Development Support Engineer
US or Canada

Our Customers Develop Software at the Speed of Ideas

CloudBees, the enterprise software delivery company, provides the industry’s leading DevOps technology platform. CloudBees enables developers to focus on what they do best: Build stuff that matters while providing peace of mind to management with powerful risk mitigation, compliance, and governance tools. Used by many of the Fortune 100, CloudBees is helping thousands of companies harness the power of continuous everything and gets them on the fastest path from a great idea, to great software, to amazing customer experiences, to being a business that changes lives.

Backed by Matrix Partners, Lightspeed Venture Partners, Verizon Ventures, Delta-v Capital, Golub Capital, and Unusual Ventures, CloudBees was founded in 2010 by former JBoss CTO Sacha Labourey and an elite team of continuous integration, continuous delivery, and DevOps professionals.

Team description

CloudBees customers rely on our Support team to help them be successful in the use of our products. Our team is uniquely positioned to help sustain the company’s growth by providing a customer support experience that surpasses expectations. These positive customer experiences help drive annual renewals and business expansion. A successful Development Support Engineer (DSE) will use their skills and experience to accurately diagnose customer issues and get them resolved in a timely way, to the customer’s satisfaction. In addition, motivated individuals who want to contribute in other ways will have opportunities to work on our collection of internal tools that automate the diagnosis of issues, making the entire team more efficient by reducing manual work.

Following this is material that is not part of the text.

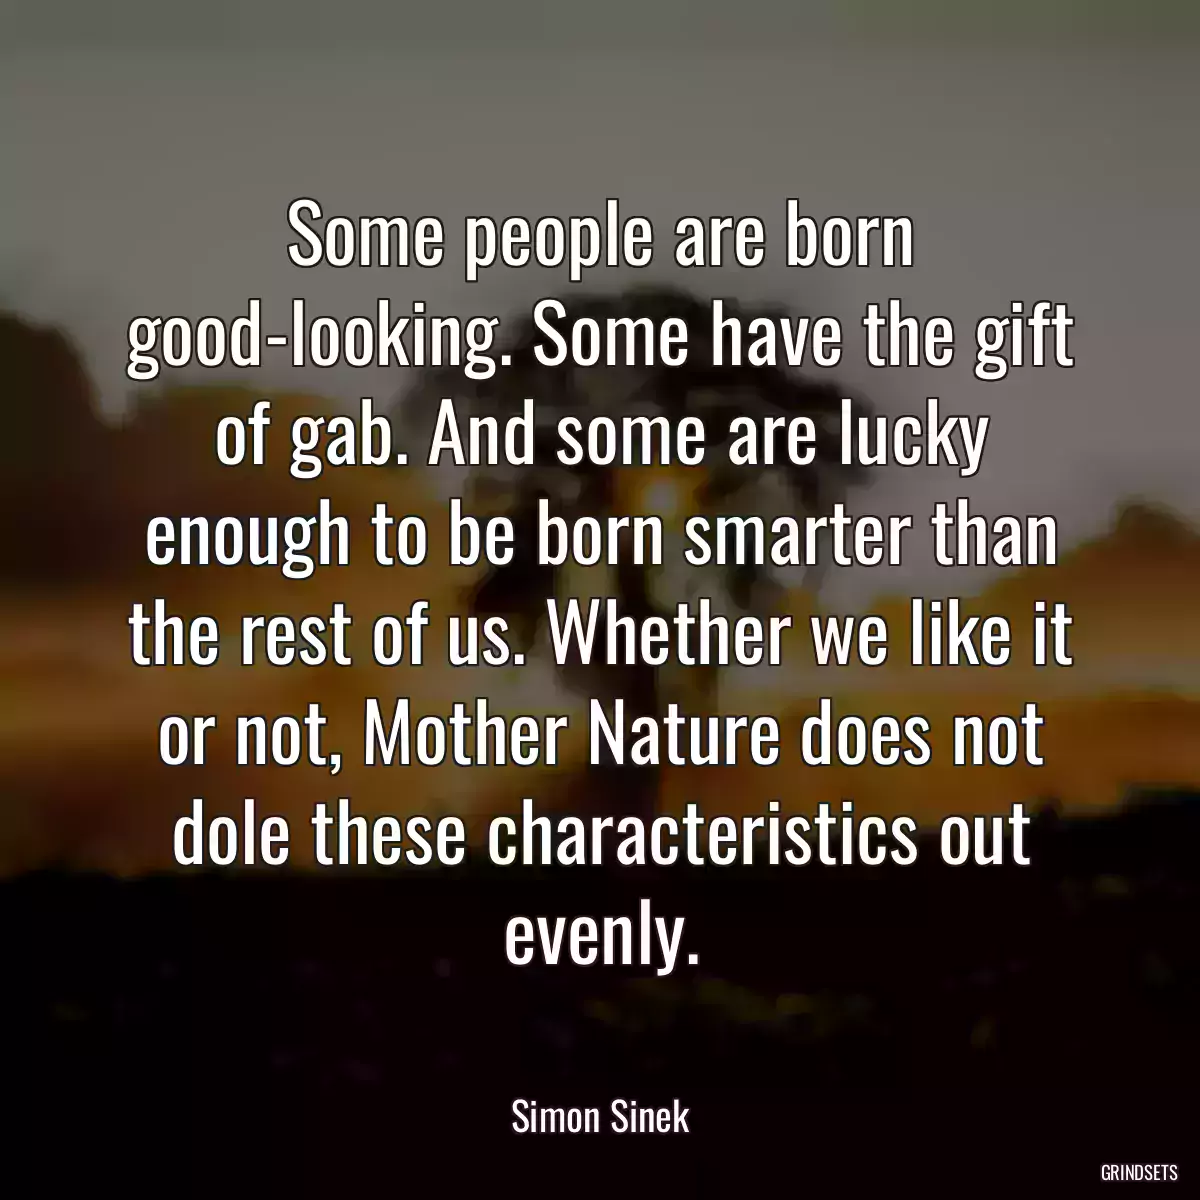 Some people are born good-looking. Some have the gift of gab. And some are lucky enough to be born smarter than the rest of us. Whether we like it or not, Mother Nature does not dole these characteristics out evenly.

A typical day in our Support team starts with a scrum meeting where we review open and unassigned cases and help each other with issues we’re stuck on. Working on active cases, we answer basic questions and also troubleshoot problems that range from the mundane to the fiendishly complicated (it helps if you enjoy a good challenge). We collaborate with each other throughout the day, via Slack or video calls. During down time, we build technical knowledge through training and tools development.

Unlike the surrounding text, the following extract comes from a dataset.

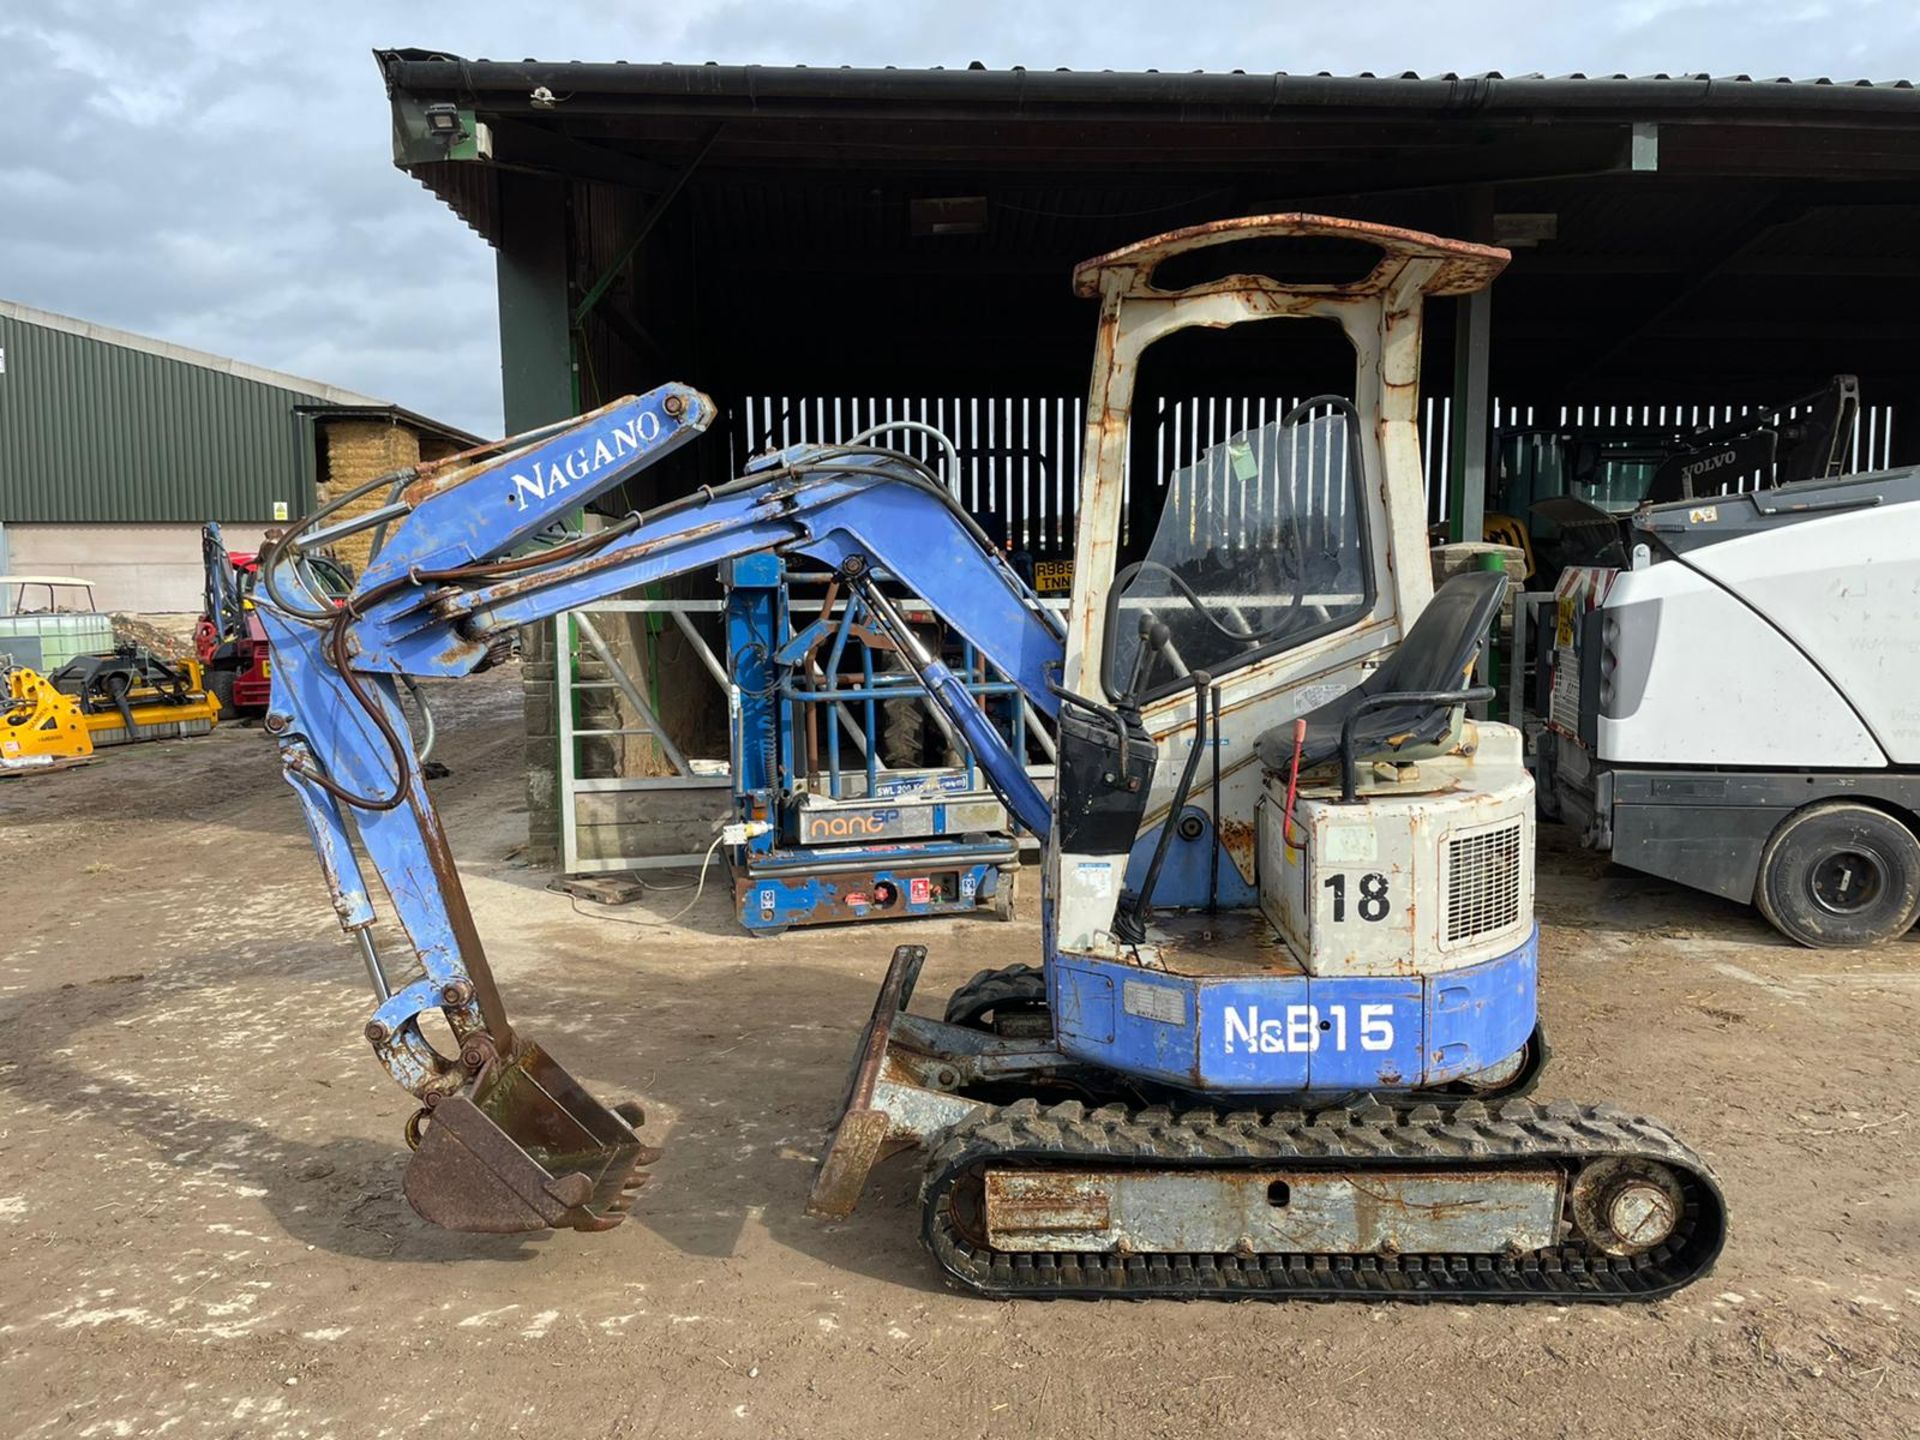 NAGNAO N&B15 MINI EXCAVATOR / DIGGER, RUNS, DRIVES AND DIGS, IN USED BUT GOOD CONDITION *PLUS VAT* - Image 10 of 16

CloudBees has been a remote-work-first company since it was founded, and the majority of the DSE team works remotely. The existing team has a mix of backgrounds including system administrators, developers, support engineers, and devops engineers. We strive to provide everyone on the team with interesting challenges, opportunities for personal and professional growth, and a positive work/life balance.

What You'll Do 

  • Answer customer questions about product usage and best practices
  • Diagnose complex technical issues and provide solutions or workarounds
  • Communicate with customers through a ticketing system, with phone support sometimes required for complex or urgent issues
  • Collaborate frequently with members of the Support and Engineering teams
  • Contribute to documentation
  • Contribute to internal software tools to automate diagnosis of customer issues
  • Work a weekend on-call rotation every 4-8 weeks (daytime hours only)

What The Role Requires 

A successful candidate will have:

  • Basic Linux system administration knowledge
  • Good communication skills (English language fluency required)
  • The ability to work independently
  • The ability to build knowledge of new technologies easily
  • A sense of empathy with our customers

As previously mentioned, members of our team have a variety of past work experience, and each bring a different mix of skills to our team. The following are some examples of these skills, but by no means do we expect candidates to have all of them. If any of these fit with your experience, we would love to hear from you!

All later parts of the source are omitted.